If you have reasonable personal ethics, indicating your personal experiences to make a powerful point on social media channels shouldn't be a problem. If you like to swear, be rude or vindictive to others, have unsociable personal addictions and when you post, something inside you cringes... maybe that's a catalyst for you to consider some personal and professional reflection?
Thanks again Rob and David... keep up the great work!

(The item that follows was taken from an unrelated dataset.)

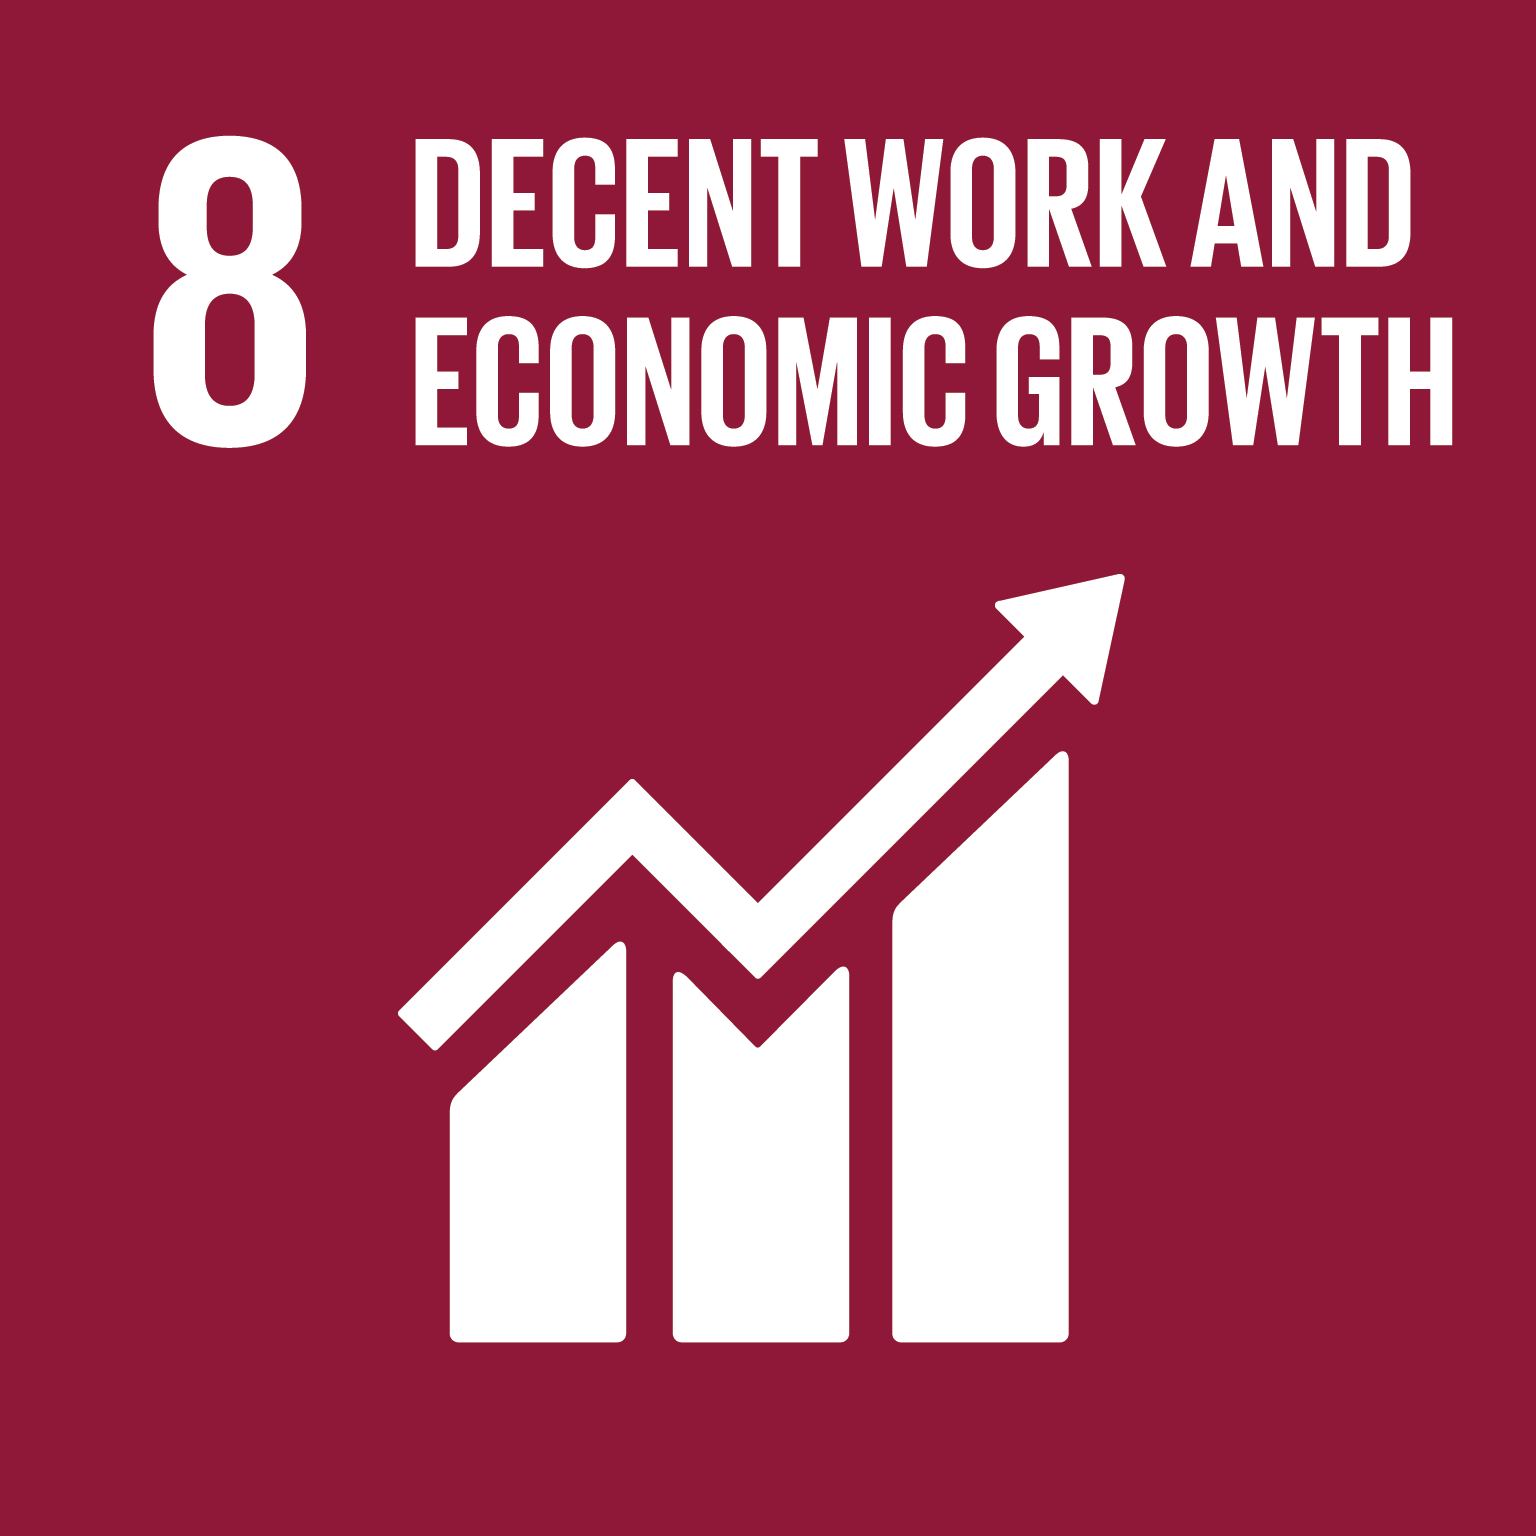 Sustainable Development Goal #8: Promote sustained, inclusive and sustainable economic growth, full and productive employment and decent work for all cover

Health Journalist, daughter of a man who died with Alzheimers, mother of two teenagers with the usual sugar addictions and sister to a nurse with an eating disorder.
There are still so many health professionals, especially doctors, who are wary of the lack of control, possible abuse or increase in vulnerability of patients using the online arena.
They're equally concerned about exposing themselves to professional criticism (or legal challenges), of a potentially piecemeal flow of good health information to patients and of breaking down the public/professional barriers in some cases.
But Sue's experience - echoed by many of us with a link to health and social media - shows that even the most vulnerable of individuals can benefit.
But responsible and positive use of #chat is just about human contact, humanity and the values of politeness, being responsible, respectful and honest that surely, we should all be able to manage relatively well?
Patients, especially vulnerable or hard-to-reach individuals need these avenues of communication to be open. Thought has to be put into how to ensure they do not expose themselves too much (Your thoughts, Sue or David?), but social media is here to stay and its great, swift, cost-effective and user-friendly tool. Why shouldn't it be for people who really help and support, rather than just celebrity tittle tattle?